§ Problem to solve:
Repeat nothing but the line that contains "Vibration is the" and the lines after it, through the end of the listing, exactly as they stand; omit pictures.

§ Given material:

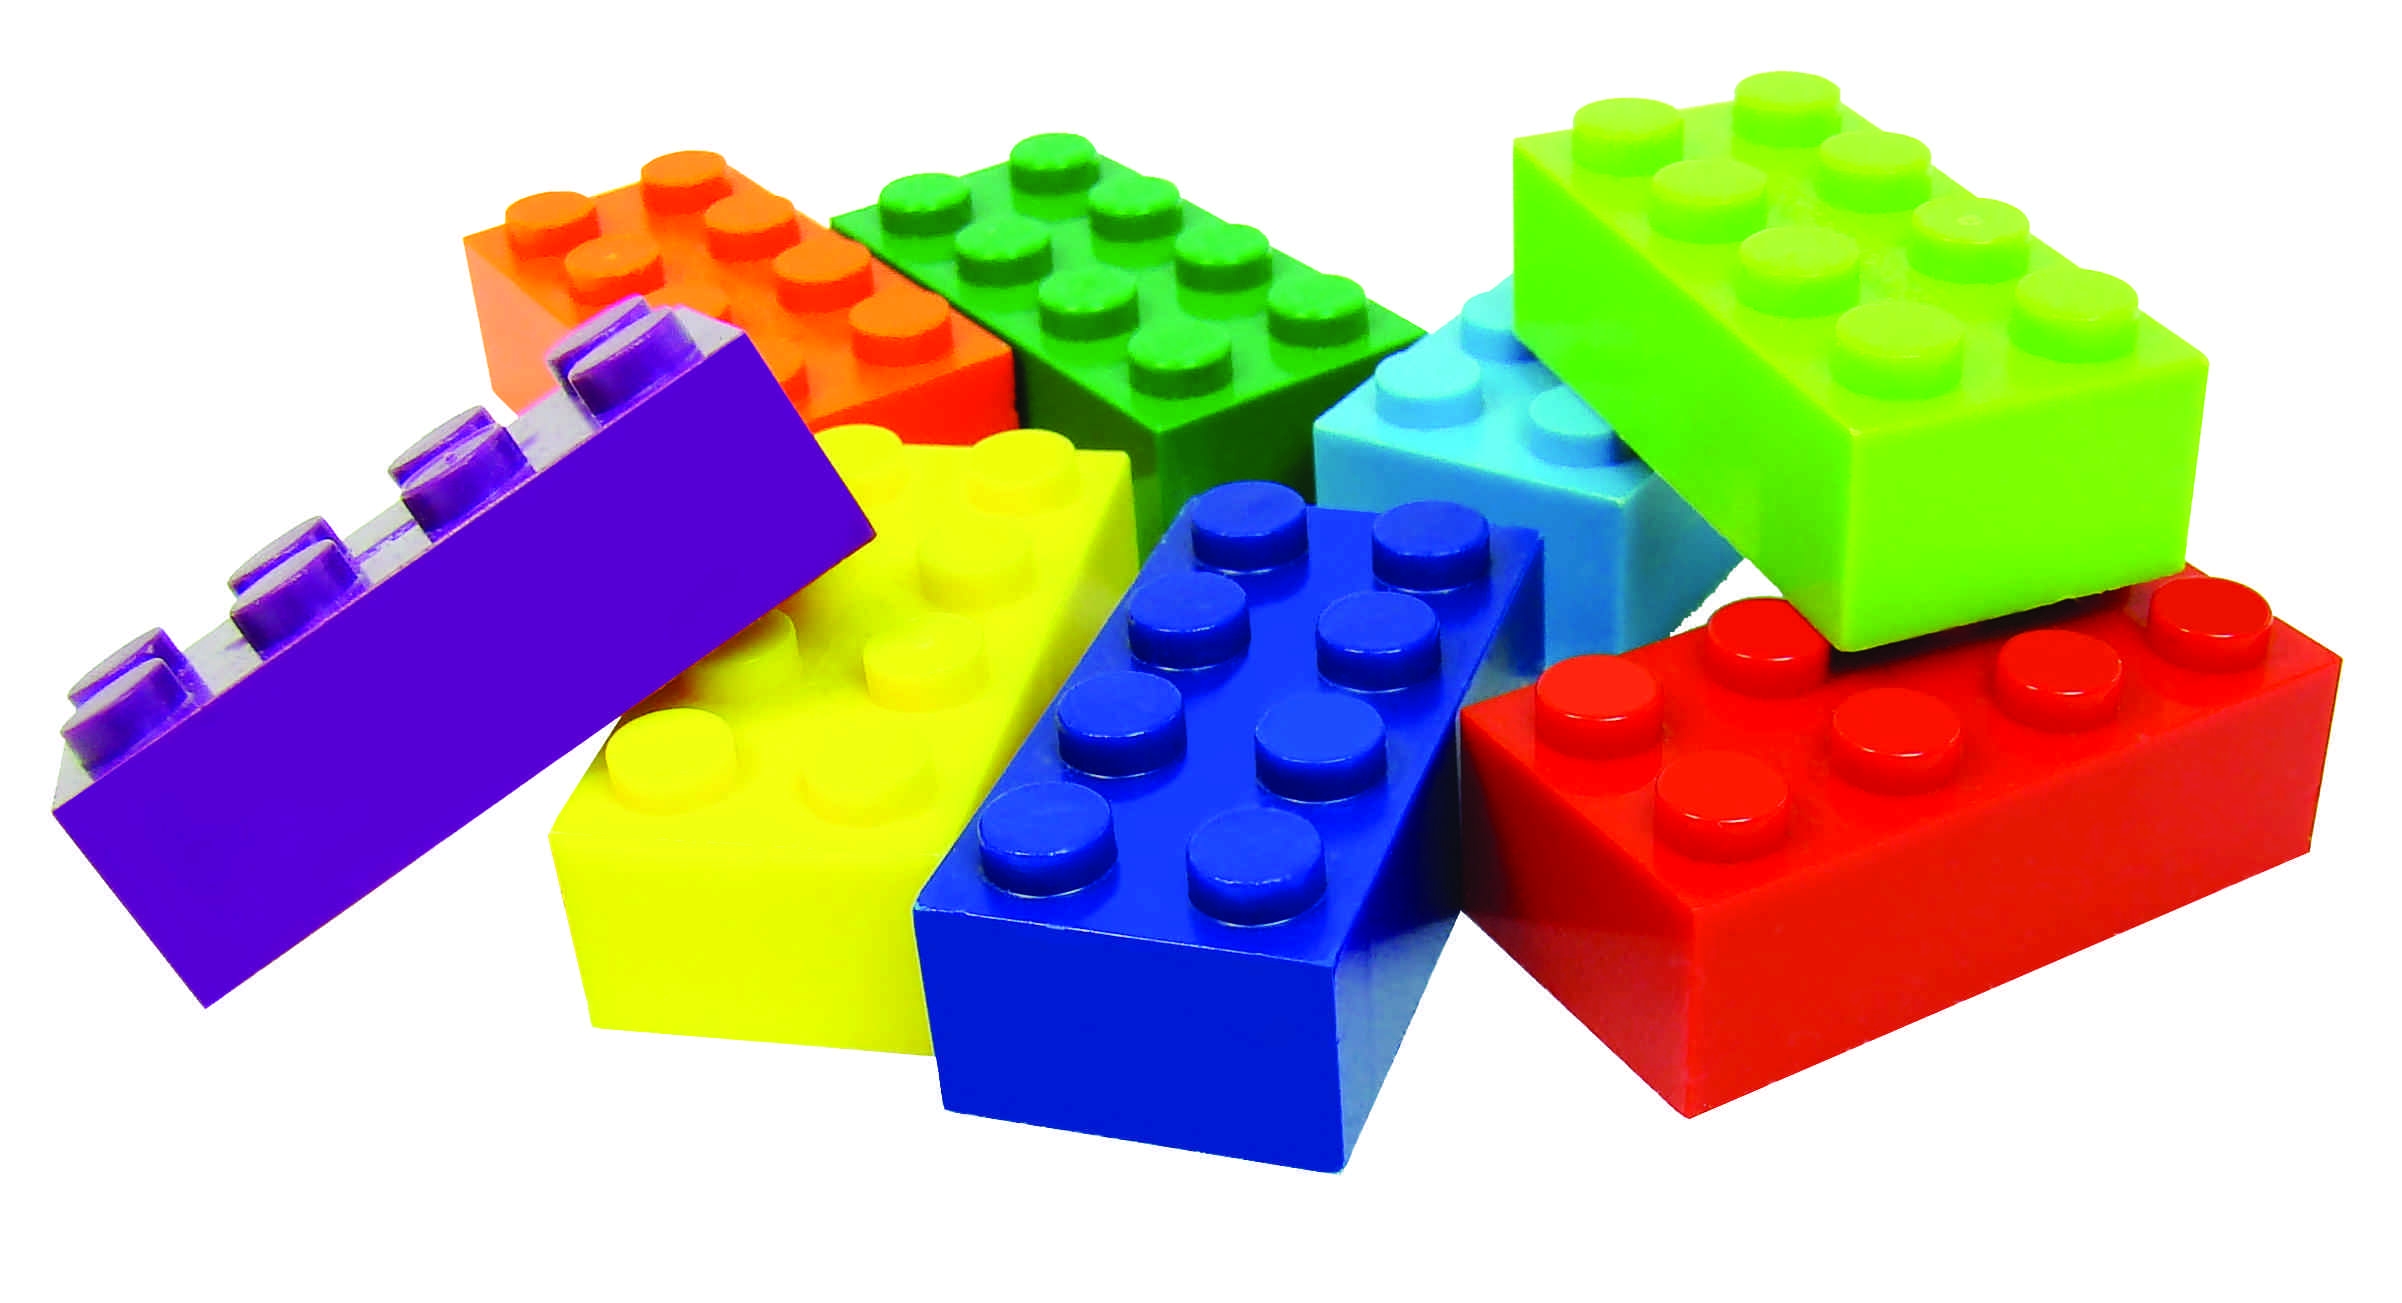 Lego Template Ppt
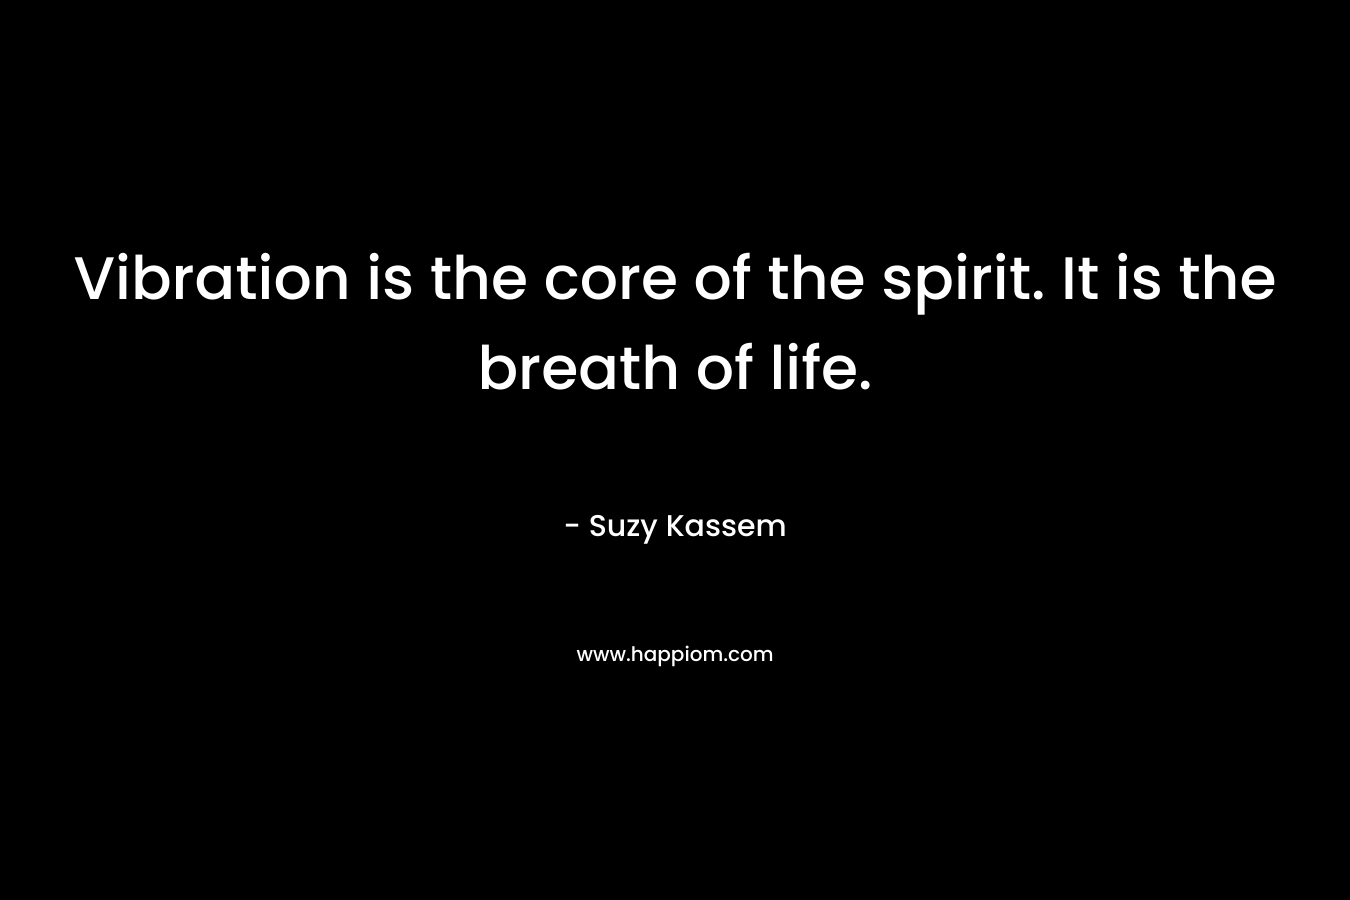 Vibration is the core of the spirit. It is the breath of life.
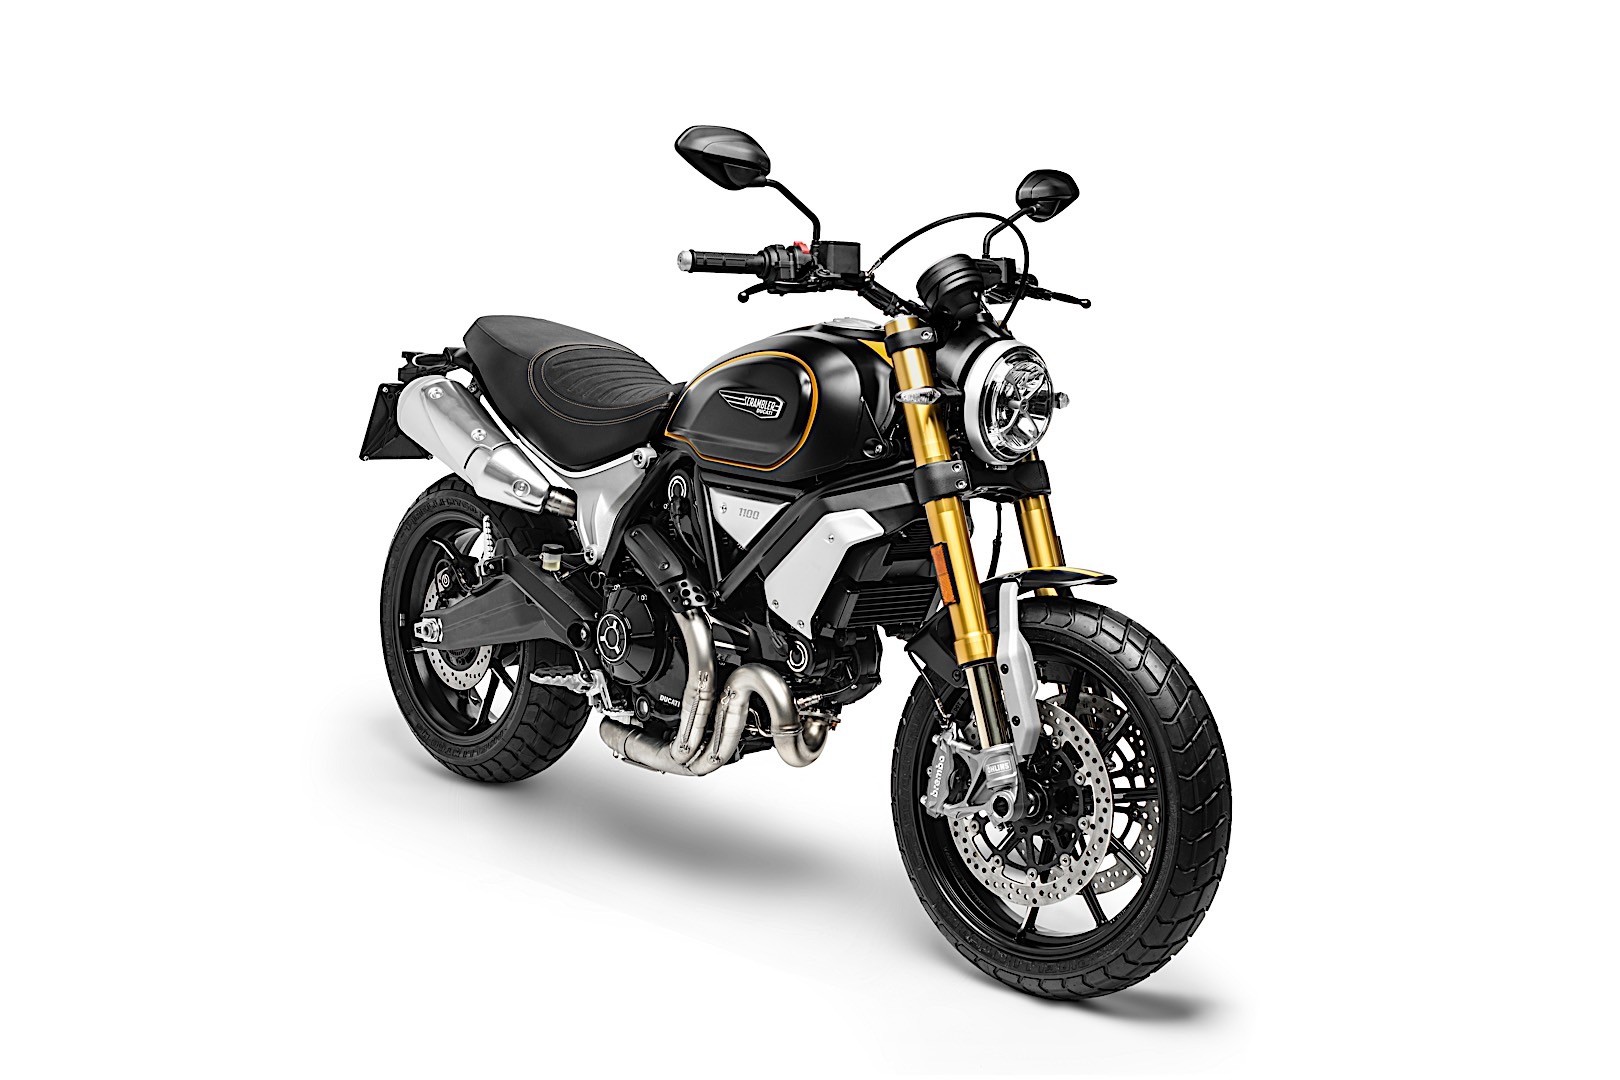 2018 Ducati Scrambler 1100 Is Out To Play With The Big Boys at EICMA ...

§ Output below:
 Vibration is the core of the spirit. It is the breath of life.
 2018 Ducati Scrambler 1100 Is Out To Play With The Big Boys at EICMA ...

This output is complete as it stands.